[About this exercise] Restate the listing below word for word. No picture belongs in the result.

[Given material]

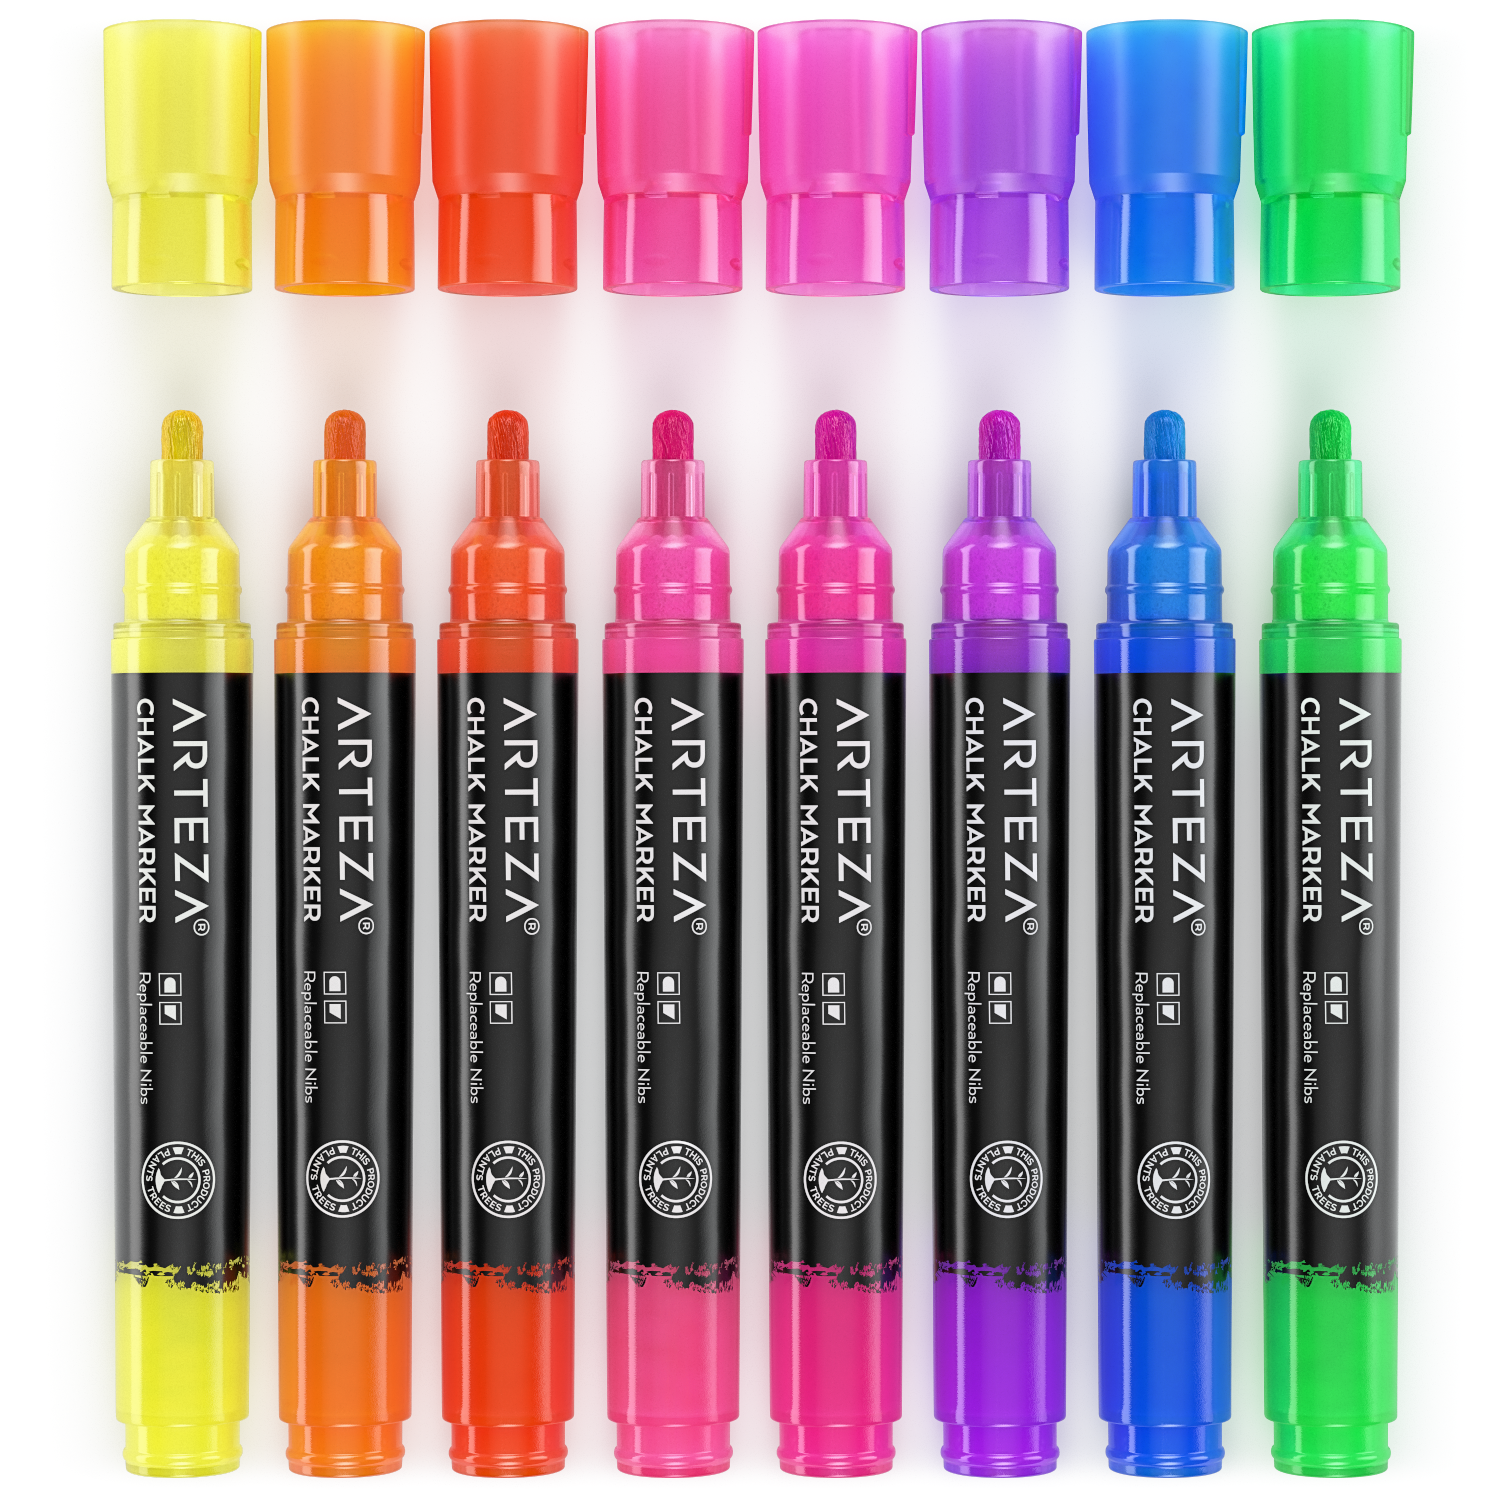 10 neon colors liquid chalk markers
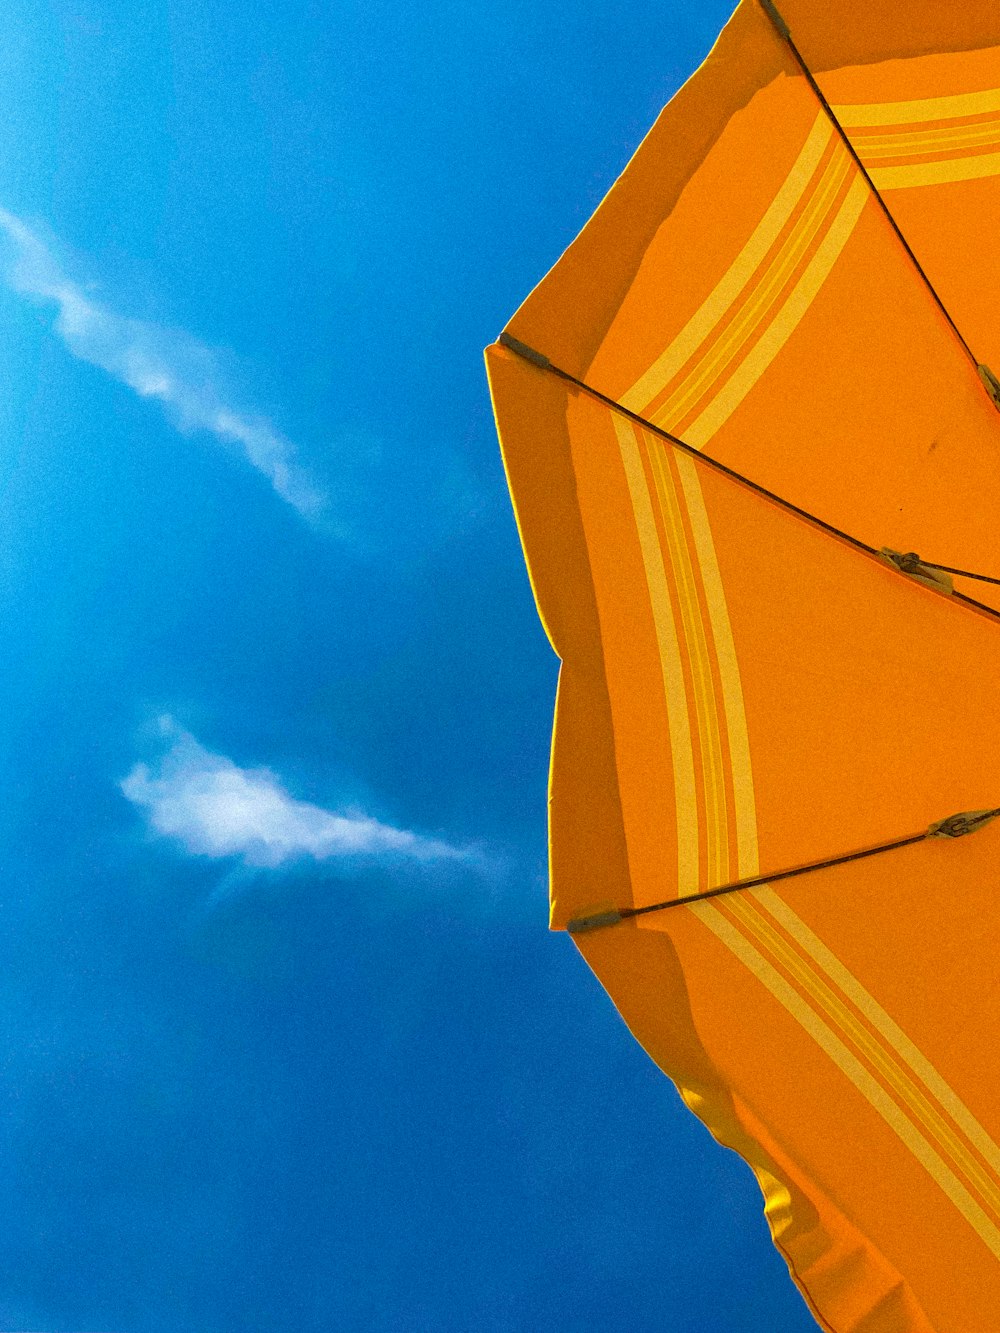 yellow umbrella under blue sky during daytime
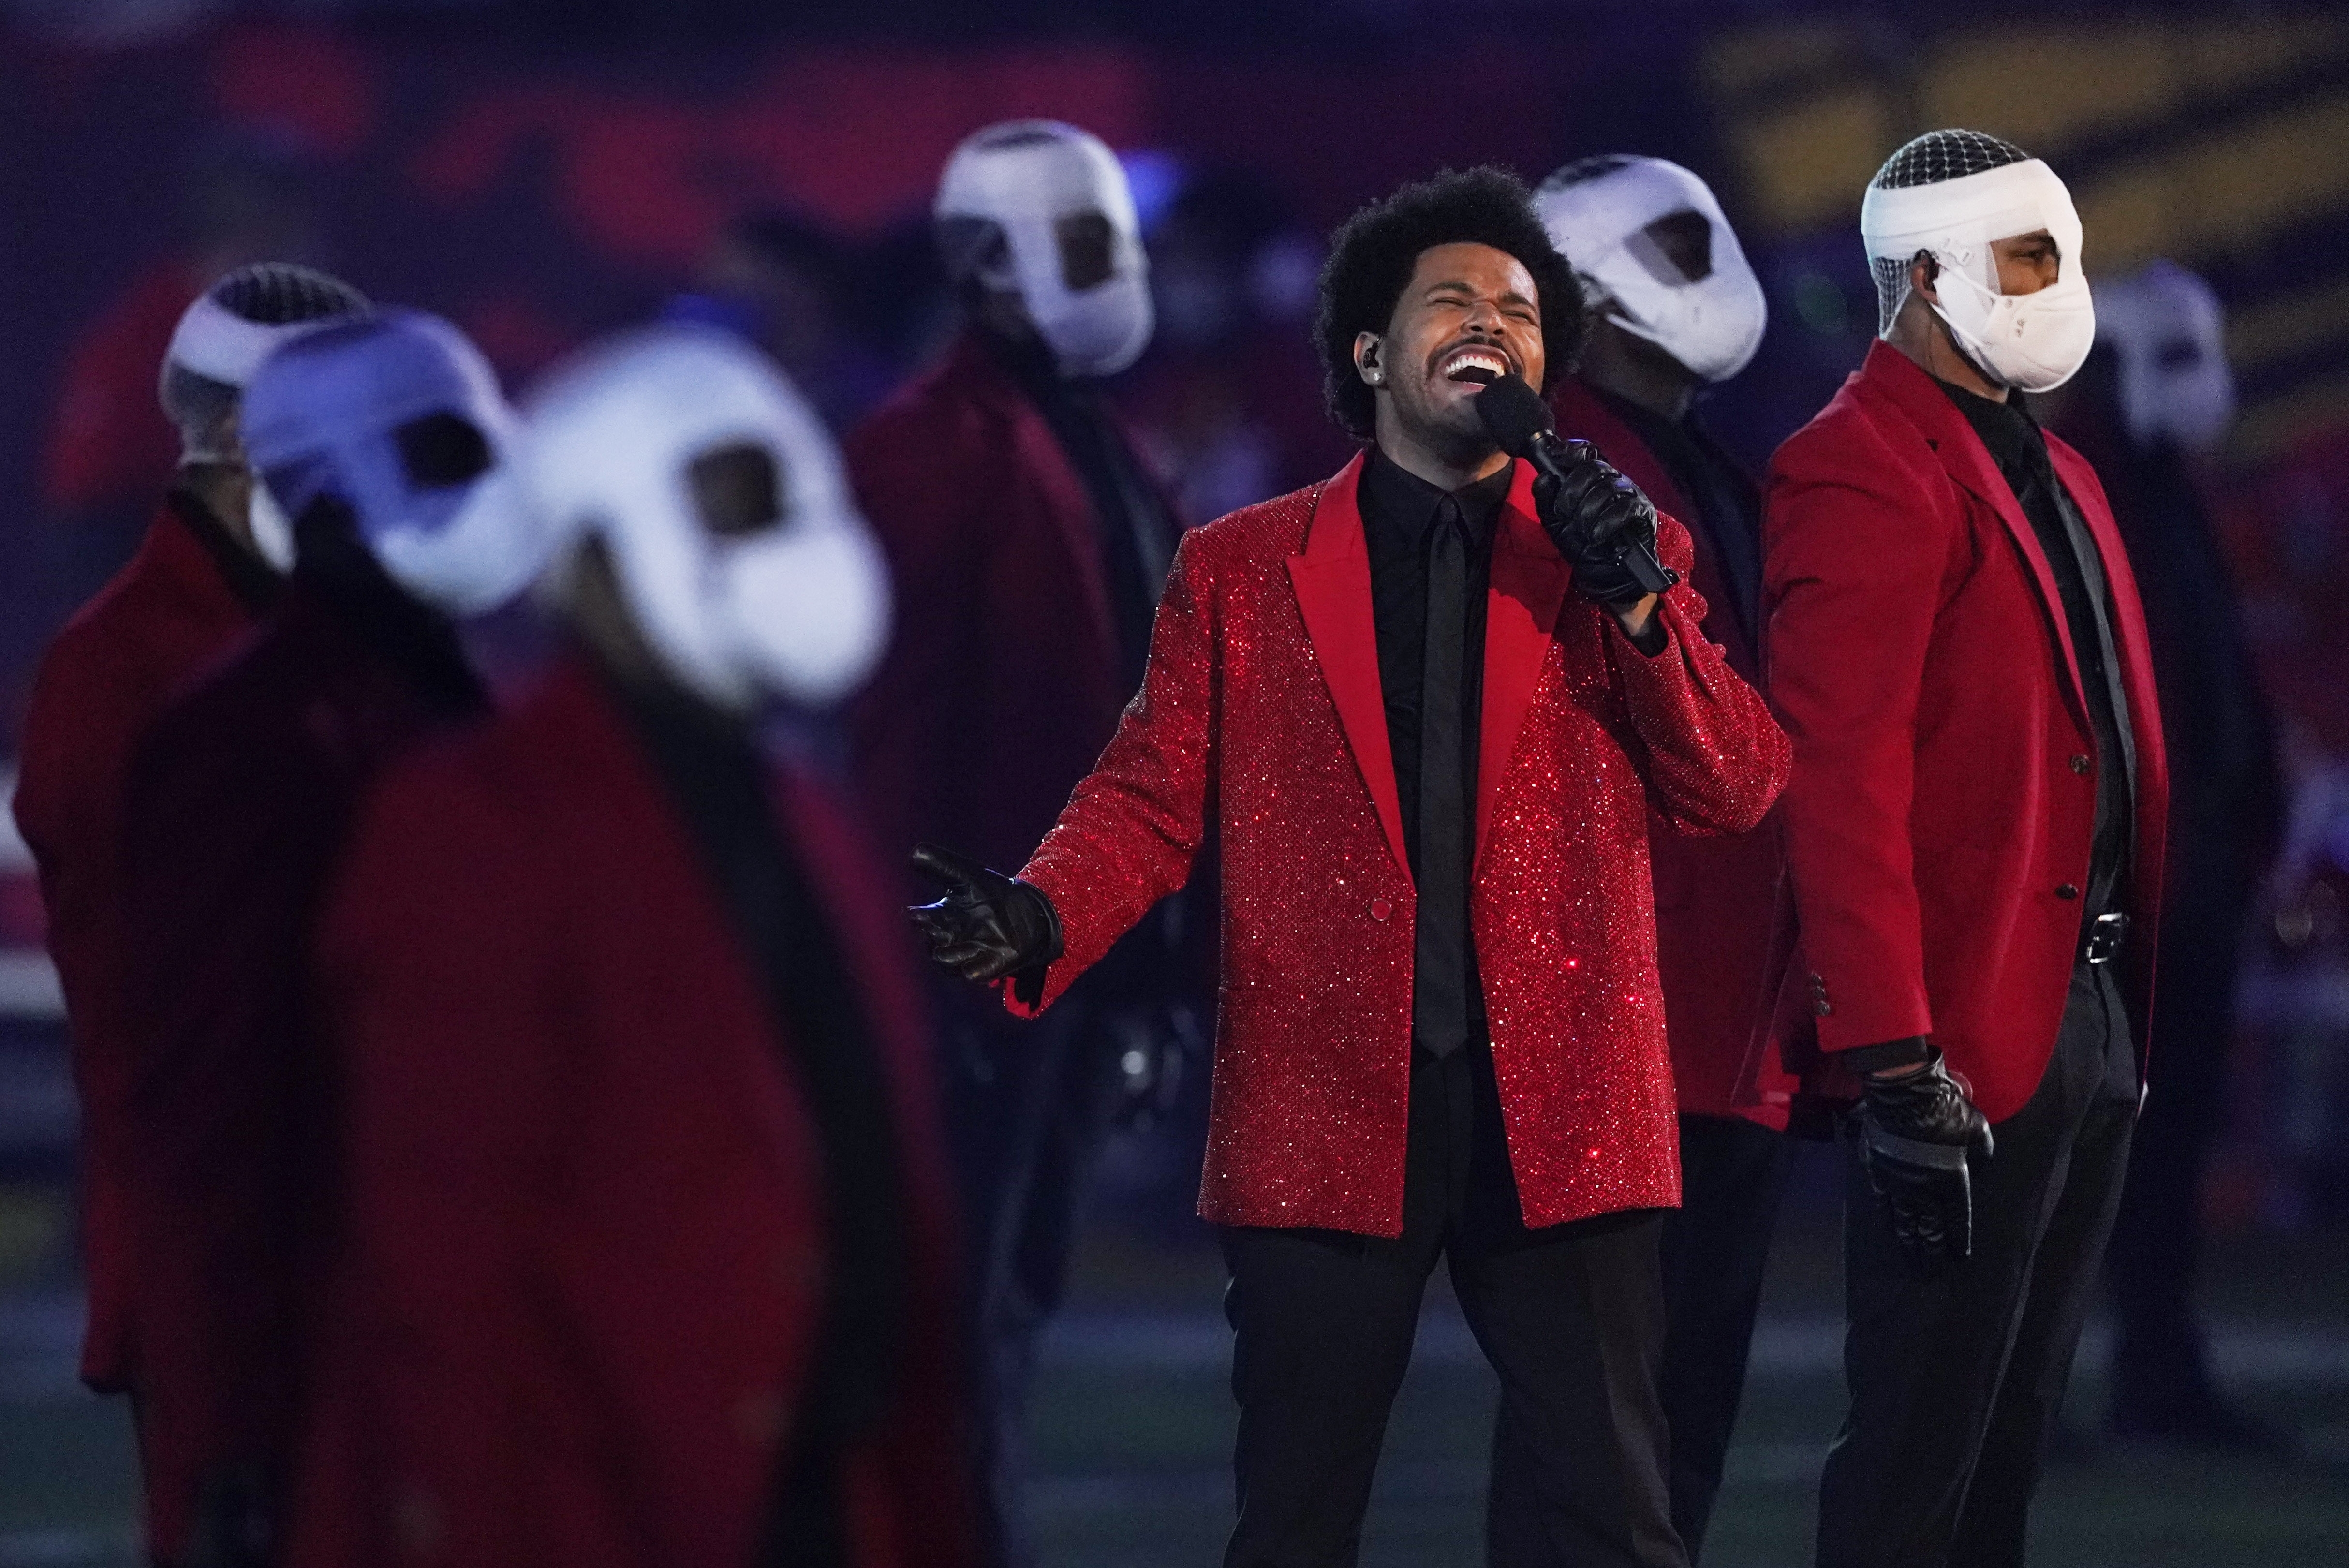 Weeknd Super Bowl show details

[Written solution]
 10 neon colors liquid chalk markers
 yellow umbrella under blue sky during daytime
 Weeknd Super Bowl show details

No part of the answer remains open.